Chroma key is the technique of making one color transparent in a video — almost always a green backdrop — so anything can be placed behind the person: a virtual studio, gameplay, slides, a beach. The weather forecaster standing "in front of" the map is the canonical example; the map is keyed in behind a green wall.
Practical example
A gaming streamer sits in a small bedroom with a $30 green cloth behind them. On stream, the green is removed and their cut-out figure sits directly over the gameplay — no visible room, maximum game screen, a floating commentator. Same trick lets a finance creator appear inside a sleek virtual studio that exists only as an image file.
Key things to know (non-technical)
- The secret ingredient is lighting: an evenly lit green screen keys cleanly; a wrinkled, shadowy one produces glowing edges and flickering hair.

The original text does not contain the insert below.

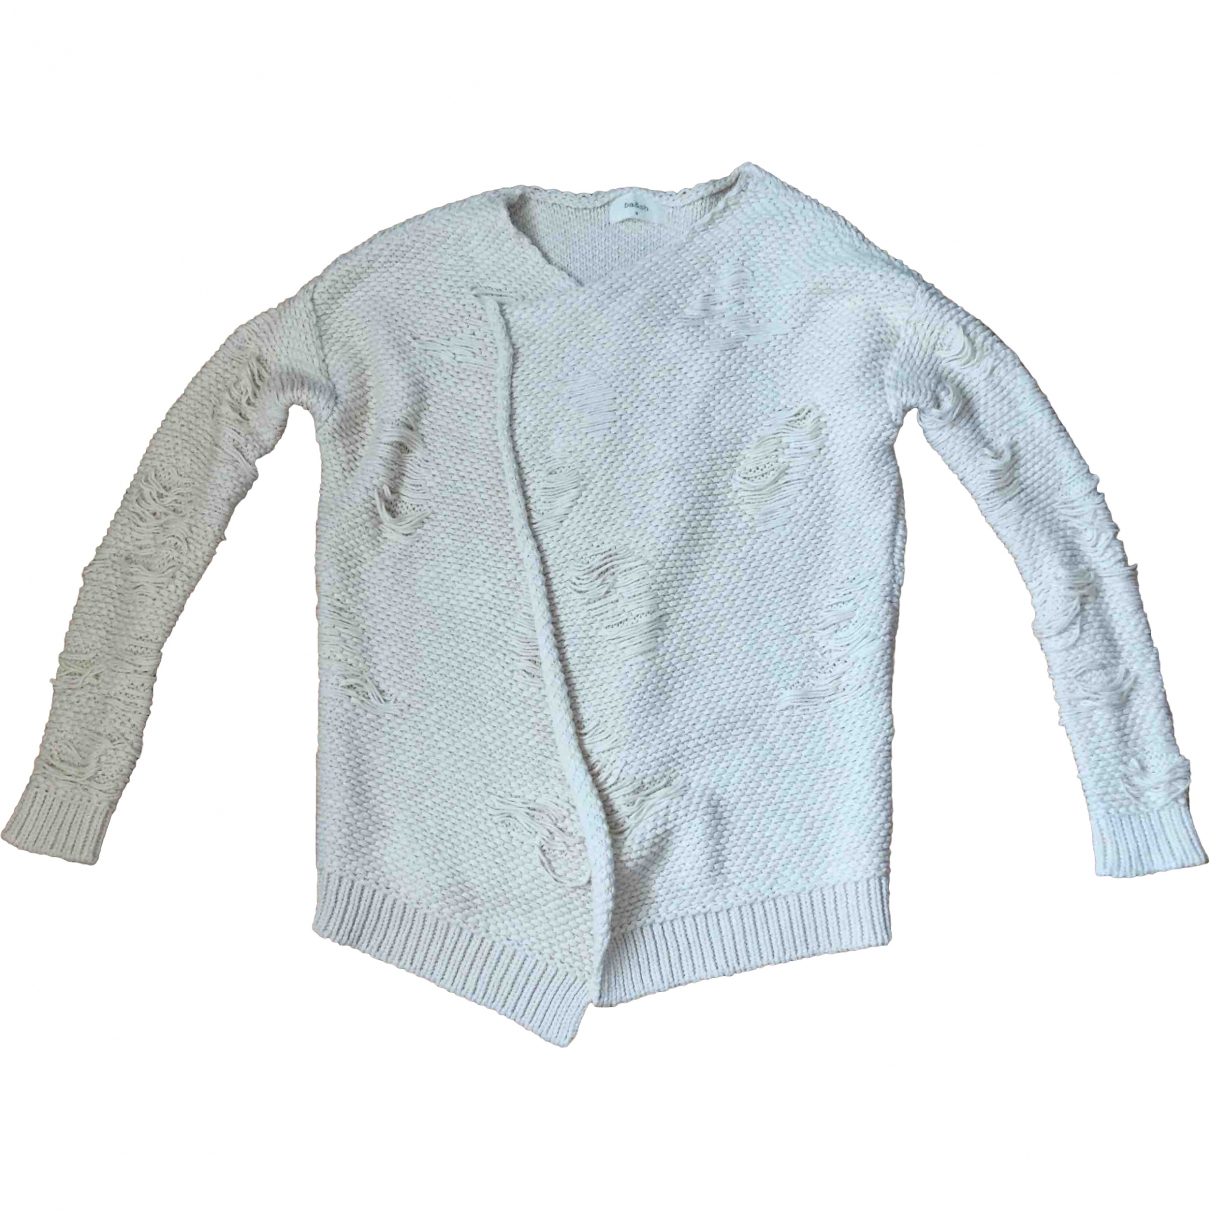 Ba&sh \N Pullover in  Ecru Baumwolle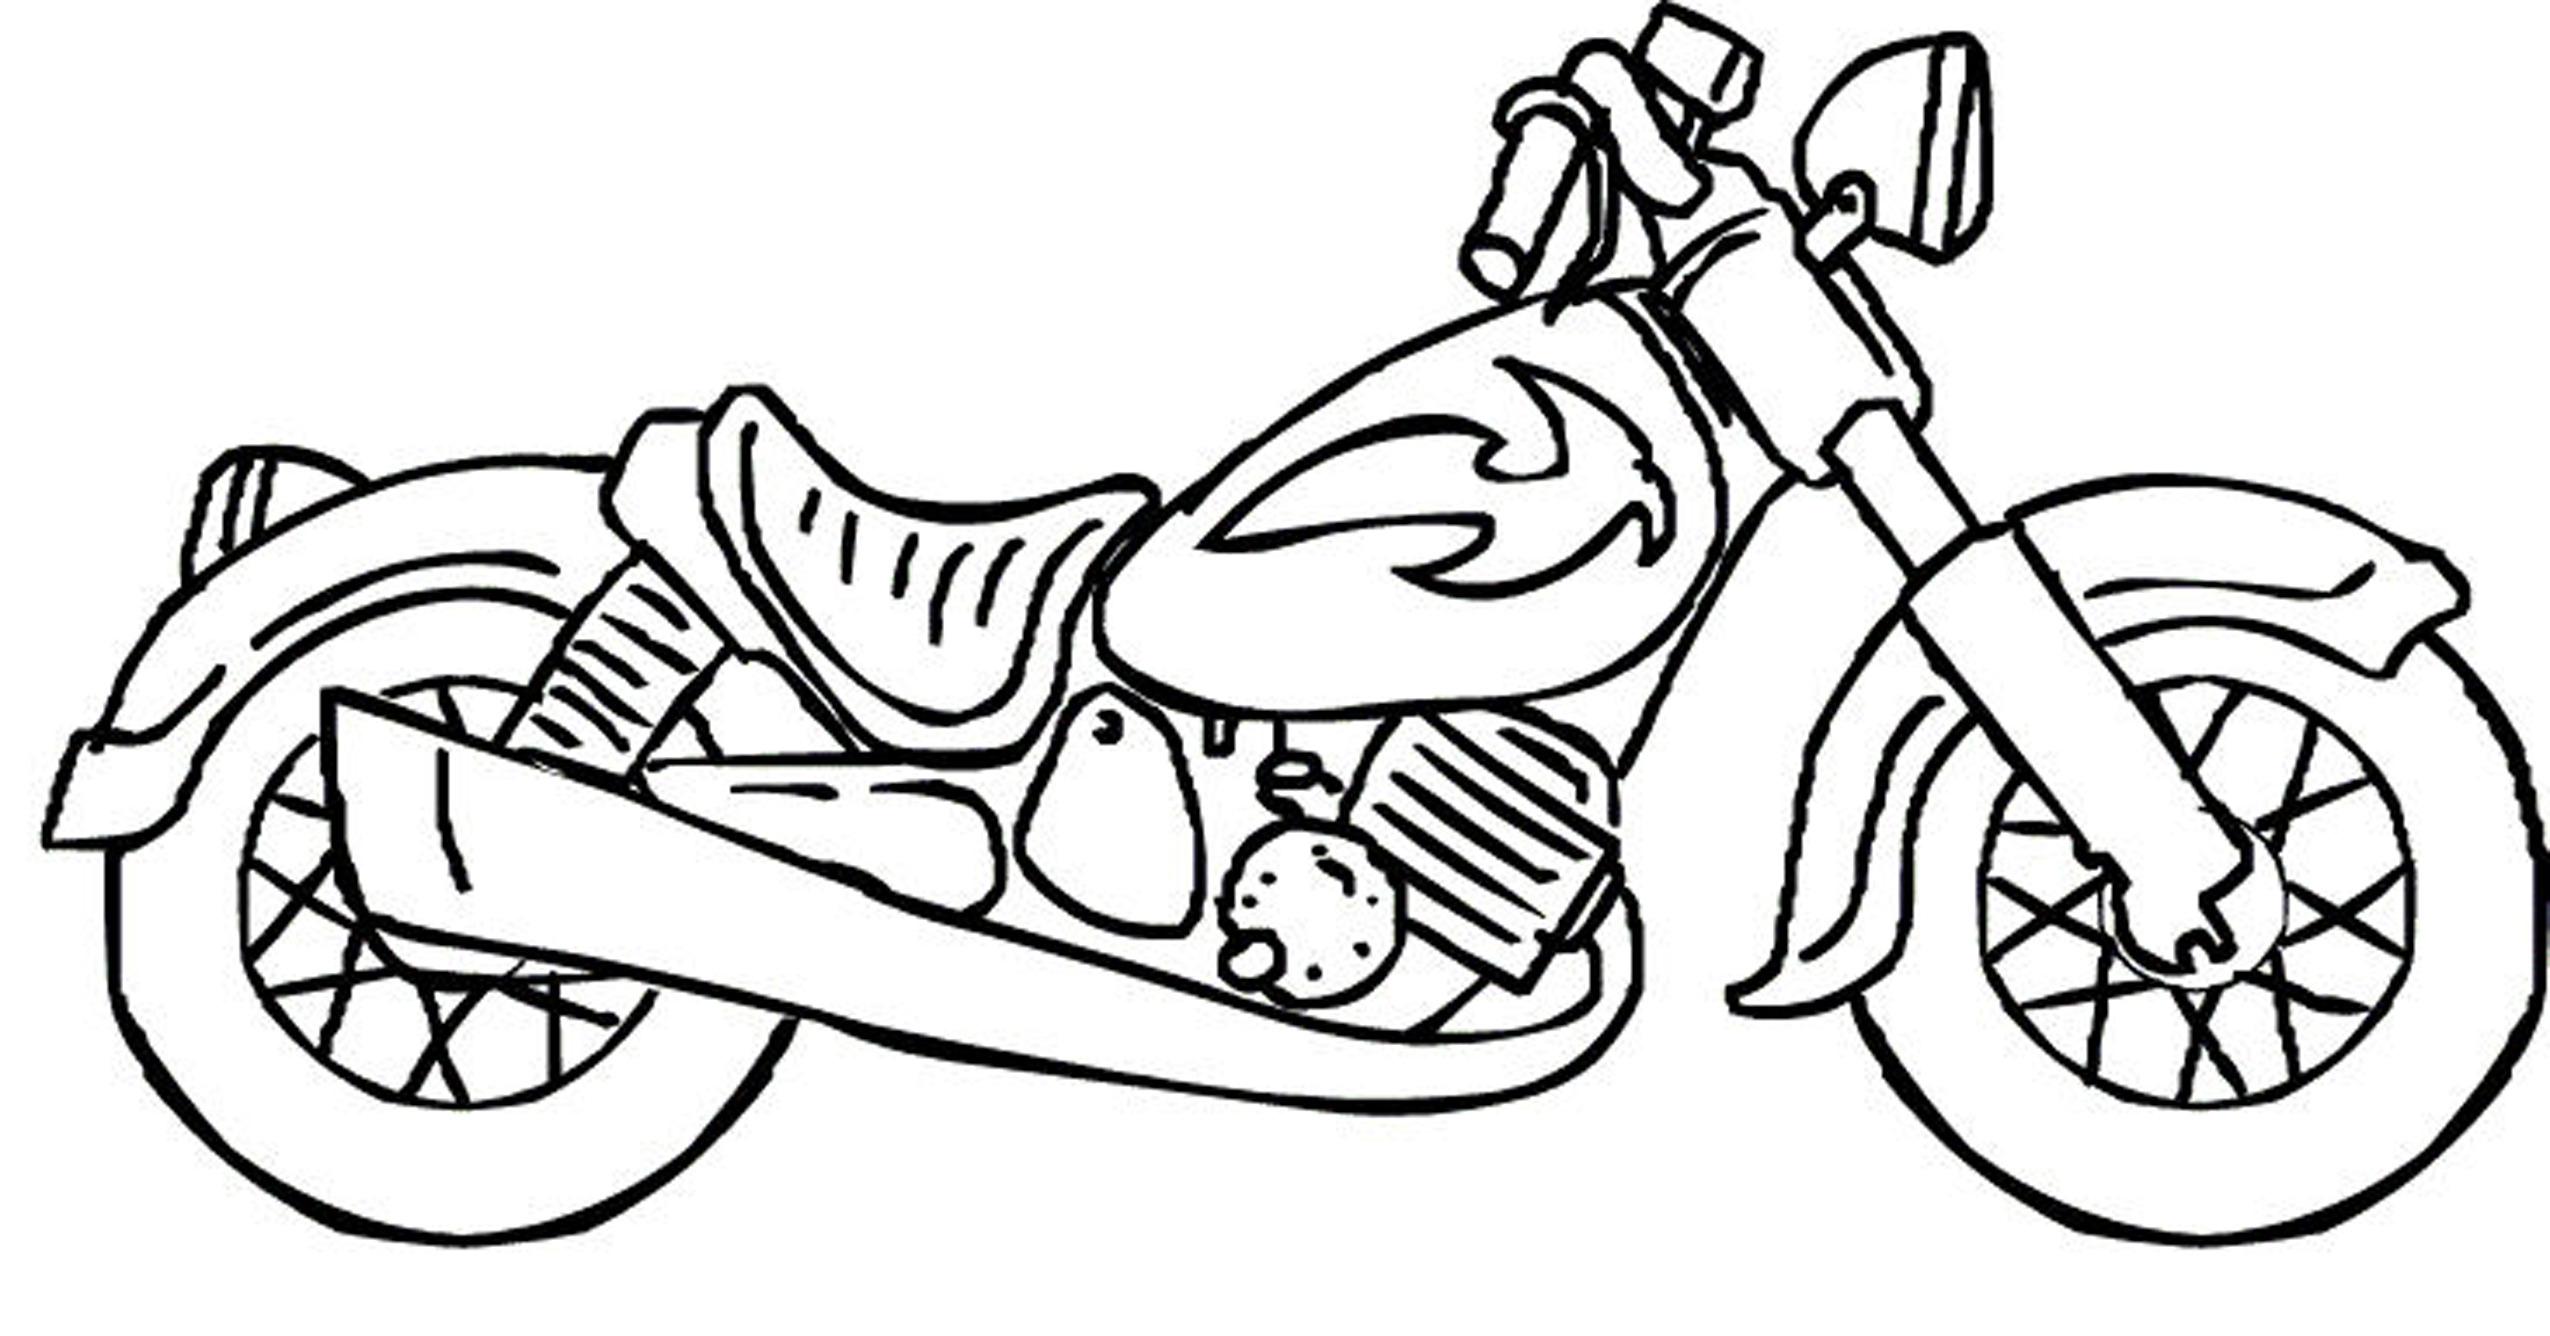 2550x1336 Inspiring Motorcycle Coloring Sheets

- Green is used because it's far from human skin tones (blue works too).
- Modern AI background removal does the same job without a physical screen — lower quality at the edges, but zero setup; it's quickly becoming the default for casual creators.
- Beyond backgrounds: keying enables virtual sets, floating presenters over slides, and AR-style sponsor placements.
In Tupic Live
AI background removal (no physical green screen needed) plus a gallery of virtual studio backdrops would let any Tupic Live creator broadcast "from a TV studio" while sitting in their bedroom — one of the most demo-able wow features the product can ship.